Reading Raw Data    Arithmetic Operators    Assignment Statements    Functions

 

 

The SAS DATA step can be used to:

  • Input data into a SAS data set
  • Create new variables
  • Check for errors in the data and correct those errors
  • Produce new data sets by subsetting, merging, and/or modifying existing data sets
  • Prepare data for analysis using SAS procedures

 

General SAS syntax rules

 

  • SAS programming statements end with a semi-colon.
  • SAS programming statements can start in any column.
  • SAS programming statements can span multiple lines.
  • SAS programming statements are not case sensative.
  • SAS names can consist of letters, numbers, and the underscore '_'.
  • SAS names must start with an underscore or letter - no numbers!

     

  • Comments in SAS programs can be written in two forms
    1. Start with the characters "/*" and end with the characters "*/"
    2. Start with an asterisk "*" and end with a semi-colon ";"

 

 

LIBNAME and FILENAME

There are two important SAS statements that allow SAS to communicate with the hardware you are using: the FILENAME and LIBNAME

statements (26,27,42,43).

 

The LIBNAME statement refers to a directory or folder. The syntax of the libname statement is:

    LIBNAME reference name 'complete path name of directory or folder';

For example:

libname abcdef '~/project/data';      (Unix system)

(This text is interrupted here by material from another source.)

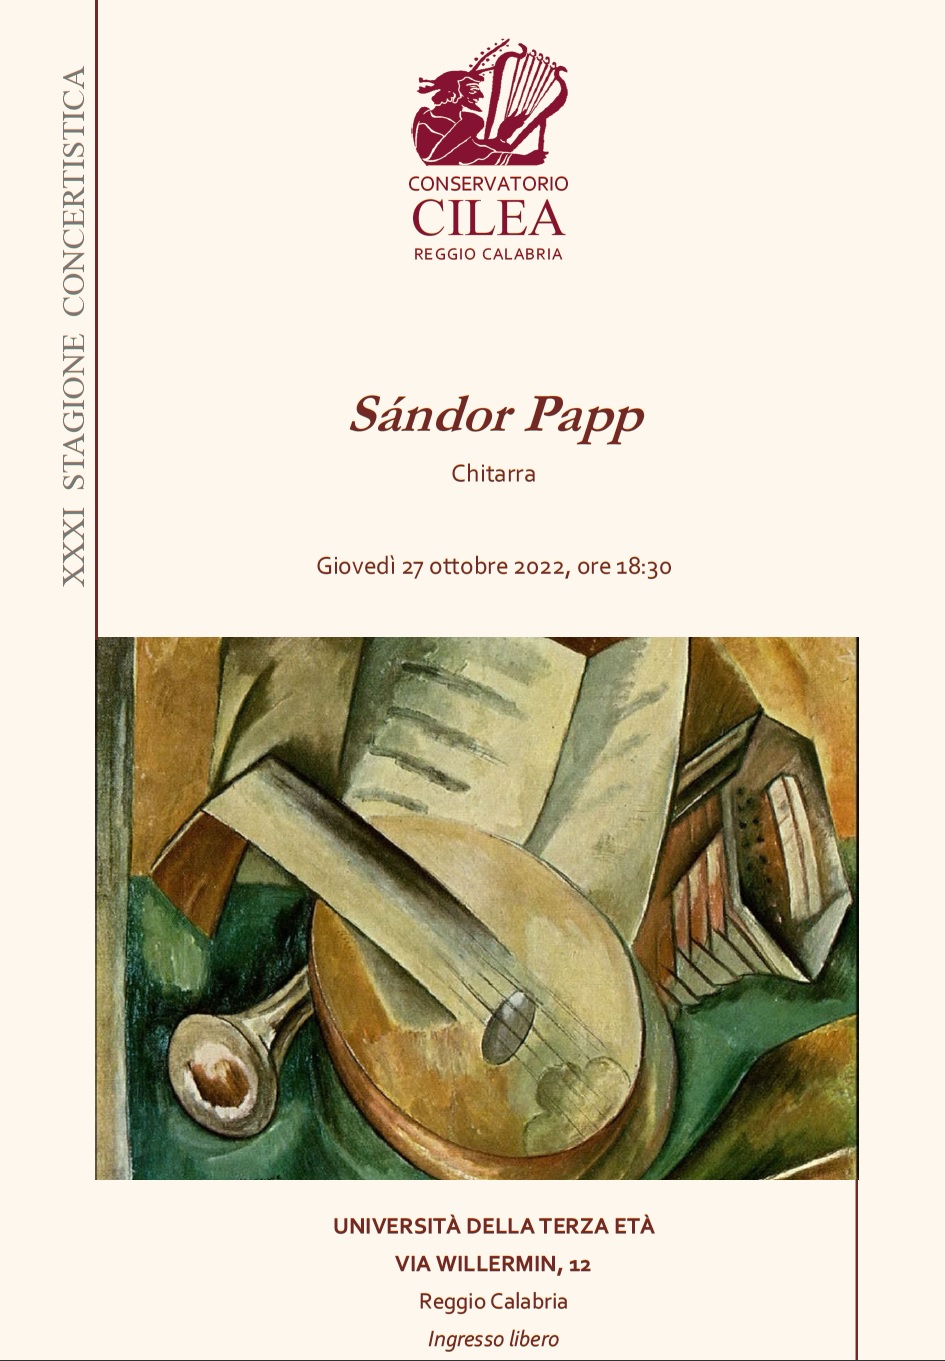 Sandor Papp, chitarra 27-10-2022 ore 18.30 UniTRE  RC
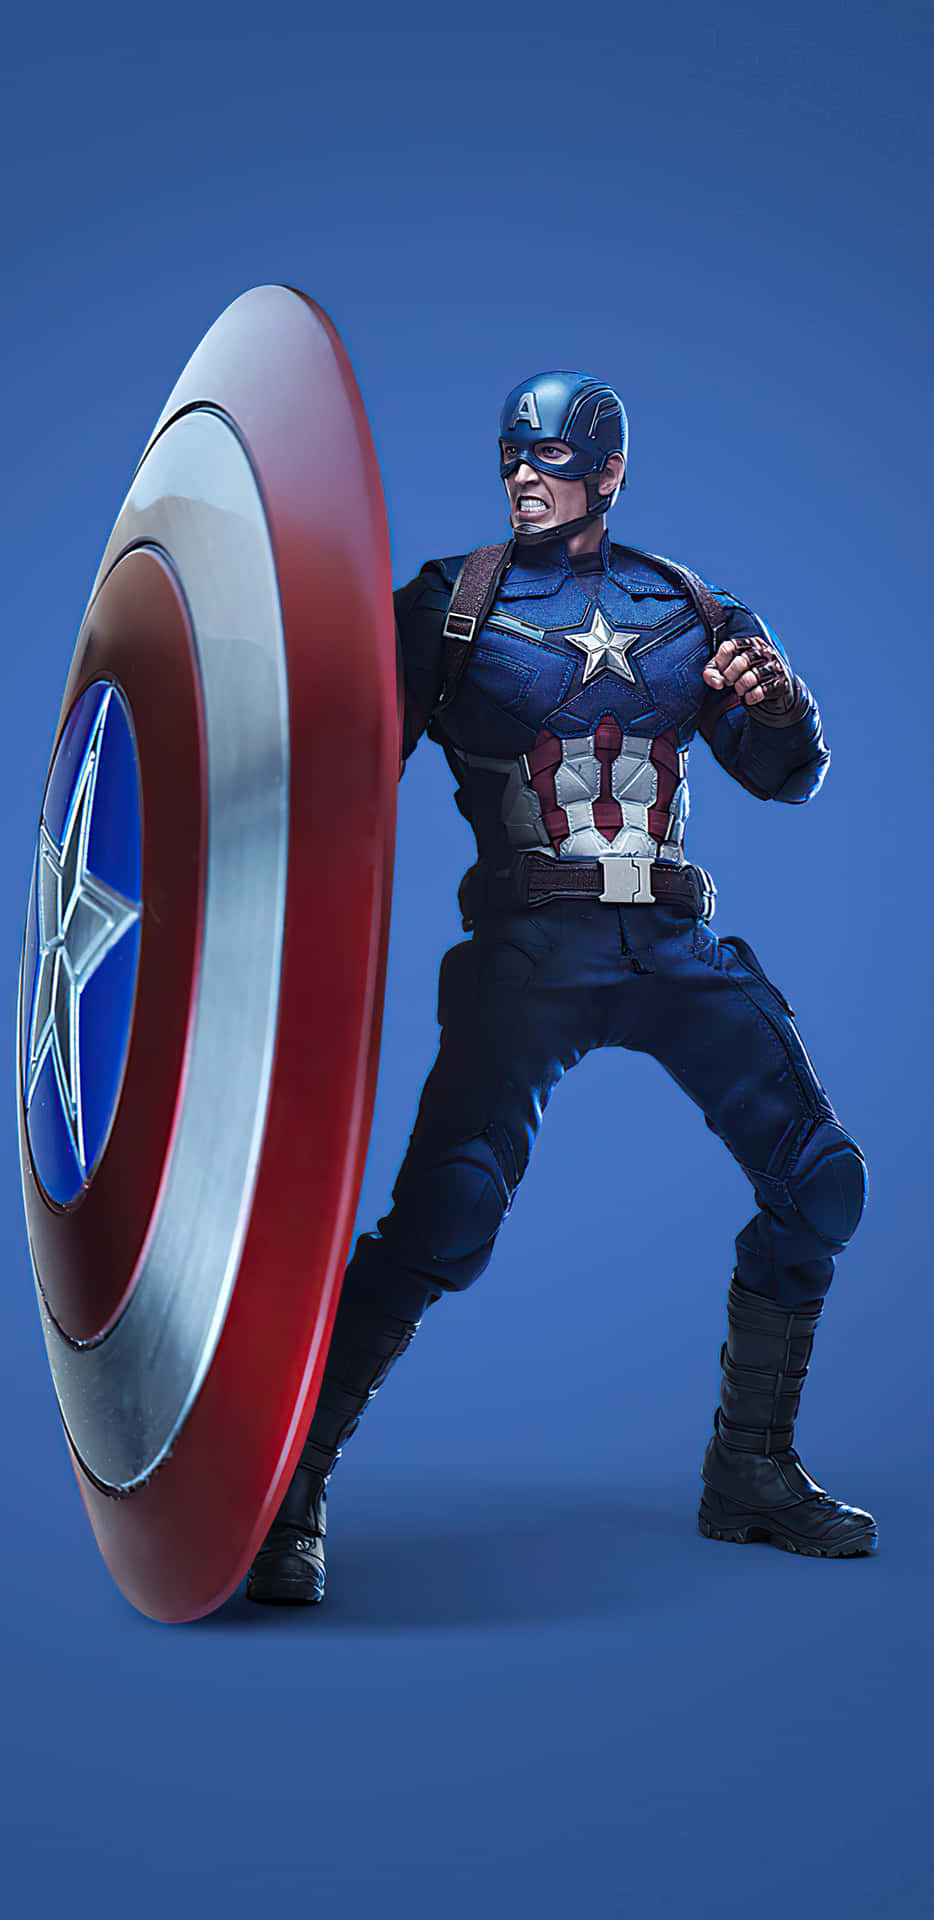 Pixel 3xl Captain America-baggrund livsstørrelse skjold design

libname wxyz_1 'C:\mydata\project';      (Windows)

 

The FILENAME statement refers to a file which can be used for input or output. The basic syntax of the filename statement is:

    FILENAME reference name 'complete filename';

Examples:

filename rawdata '~/project/rawdata/wave1.data';     (Unix)

filename rawdata 'D:\wave1.dat';      (Windows)

When using the FILENAME statement on a Unix machine, the PIPE keyword can be used to allow a Unix pipe as the device type. This is very useful when reading a compressed or zipped data file.

FILENAME indata PIPE 'zcat ~/project/rawdata/wave2.data.gz';

The preceeding example allows SAS to use the output from the UNIX zcat command as input data. zcat is a command which uncompresses or unzips a file. This eliminates the need to issue the command to unzip the file prior to running the SAS program.

 

SAS data sets (4,5)

 

  • SAS data sets are tables.
  • They consist of observations(rows) and variables(columns).
  • Data sets can be permanent or temporary (40,41).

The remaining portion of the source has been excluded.